On remand, the district court entered an order on October 16, 1969, directing the district to submit a plan not later than December 1, 1969, and granting plaintiffs 20 days thereafter to respond. In compliance with that order, the district filed a report in which it proposed to restructure the schools beginning January 19, 1970, as follows: (a) all students in grades 1 through 3 were to be assigned to the site now known as Marvell Elementary School; (b) all students in grades 4 through 9 were to be assigned to the site now known as Tate Elementary School and Tate High School; (c) all students in grades 10 through 12 were to be assigned to the site now known as Marvell High School; (d) all faculty members willing to remain were to be retained and will be so assigned as to realize the maximum utilization of their training and experience without regard to their race.
Under date of December 15, counsel for plaintiffs informed counsel for the school district that in light of the plan proposed by the school district "to which plaintiffs have no objections at this time" there was no need for a hearing to be held.
In the meantime, however, and apparently without knowledge by plaintiffs' counsel at the time the aforesaid letter was written, the superintendent of the district notified all parents in writing of the restructuring of the schools as shown above and further informed them that "insofar as possible students will stay with their same teachers."
The notice from the superintendent precipitated the filing by plaintiffs on January 12, 1970, of a motion to cite the defendants for contempt of court. The motion was premised upon the proposal of the defendants to continue segregation of the classes.
Evidence was not heard on the motion for citation for contempt. However, the district court did hold a hearing on January 14, 1970, at which time the judge ruled from the bench that the plan submitted would be approved with the exception of Subsection (d) relating to the faculty. On January 19, the court's formal order, dated January 16, approving the plan as modified with respect to Subsection (d), was filed. In due time, plaintiffs appealed from that order.

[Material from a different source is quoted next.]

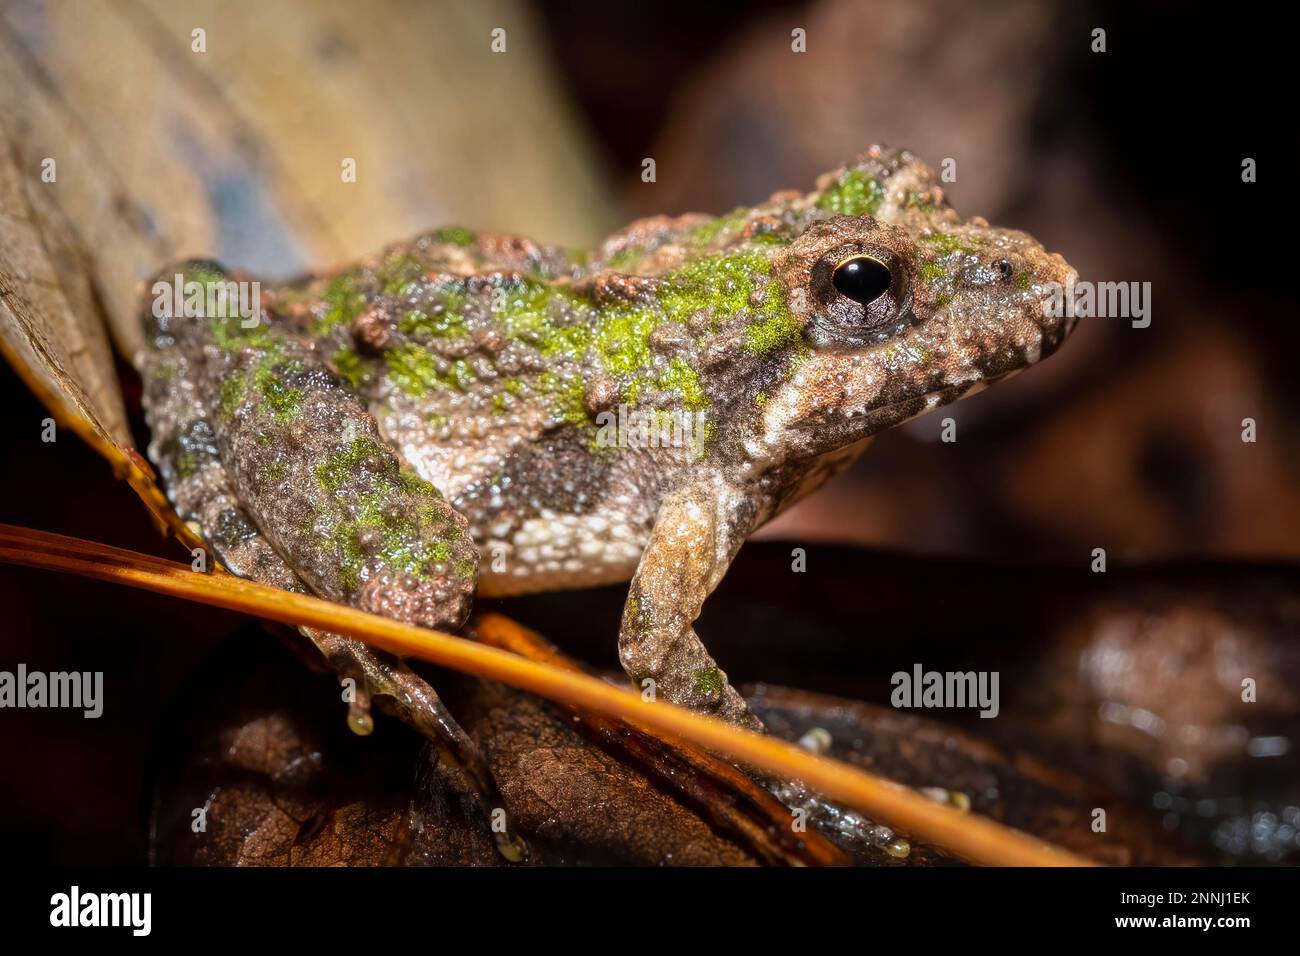 Profilo di una rana da cricket settentrionale con marcature verdi. Raleigh, North Carolina. Foto Stock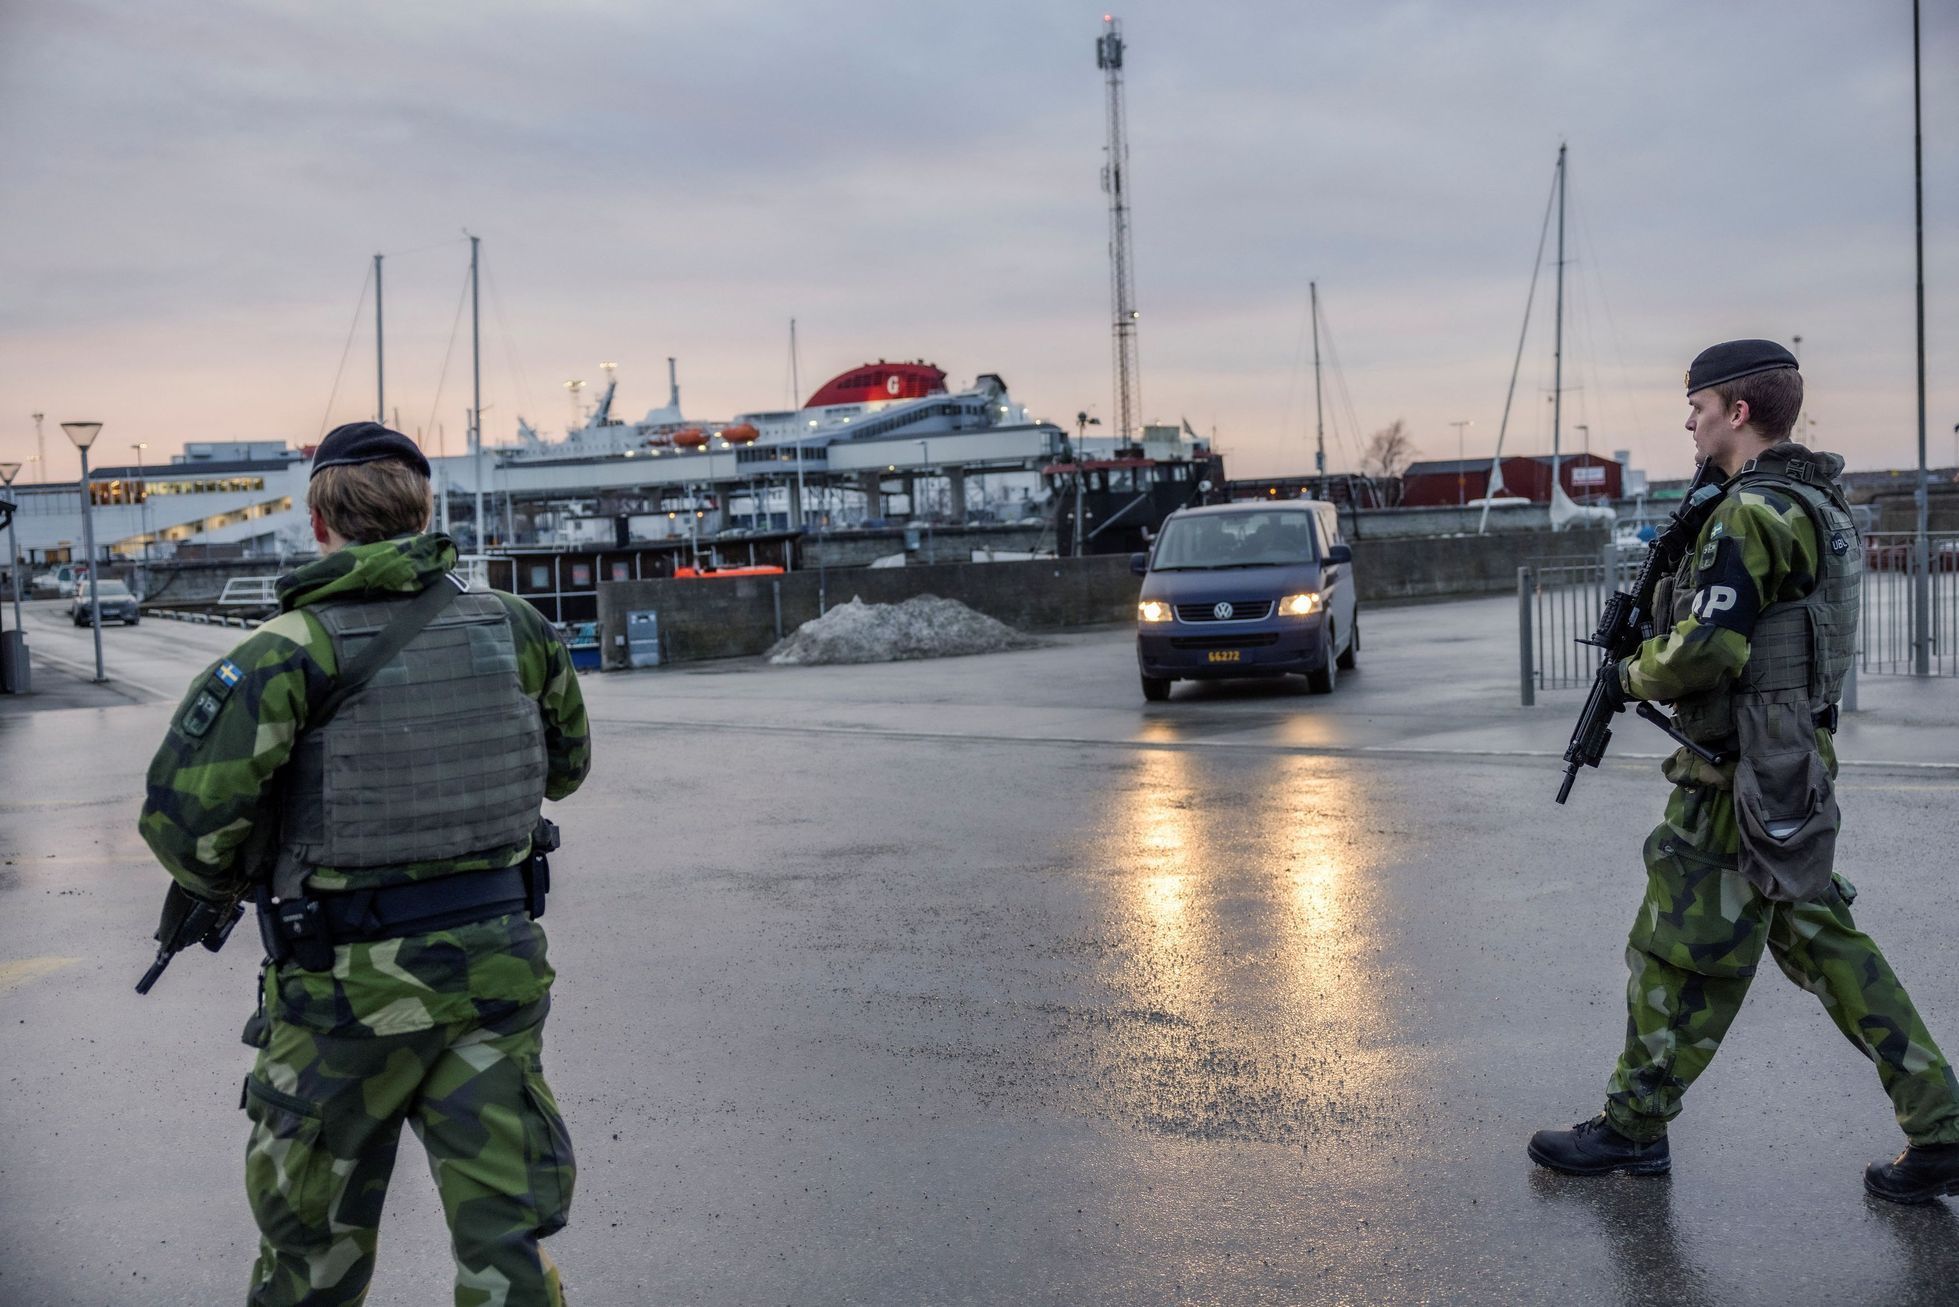 švédsko rusko hranice napětí armáda

The effect of the approval of the order as demonstrated by correspondence attached to appellees' brief between counsel for appellees and the district judge is to approve the segregation of the races among classes within the several facilities for the remainder of the 1969-70 school year.
Plaintiffs challenge the propriety of the court's failure to require the district to desegregate not only the school facilities but the classes beginning January 19, 1970. They insist that we should reverse and require immediate desegregation of the classes.
We hold the court fell into error in sanctioning the district's ingenious effort to circumvent the plain meaning of our decision. It is settled doctrine that segregation of the races in classrooms constitutes invidious discrimination in violation of the Fourteenth Amendment to the Constitution. Johnson v. Jackson Parish School Board, 420 F.2d 692 (5th Cir., 1970). See McNeese v. Board of Education, 373 U.S. 668, 83 S. Ct. 1433, 10 L. Ed. 2d 622 (1963); McLaurin v. Oklahoma State Regents, 339 U.S. 637, 70 S. Ct. 851, 94 L. Ed. 1149 (1950).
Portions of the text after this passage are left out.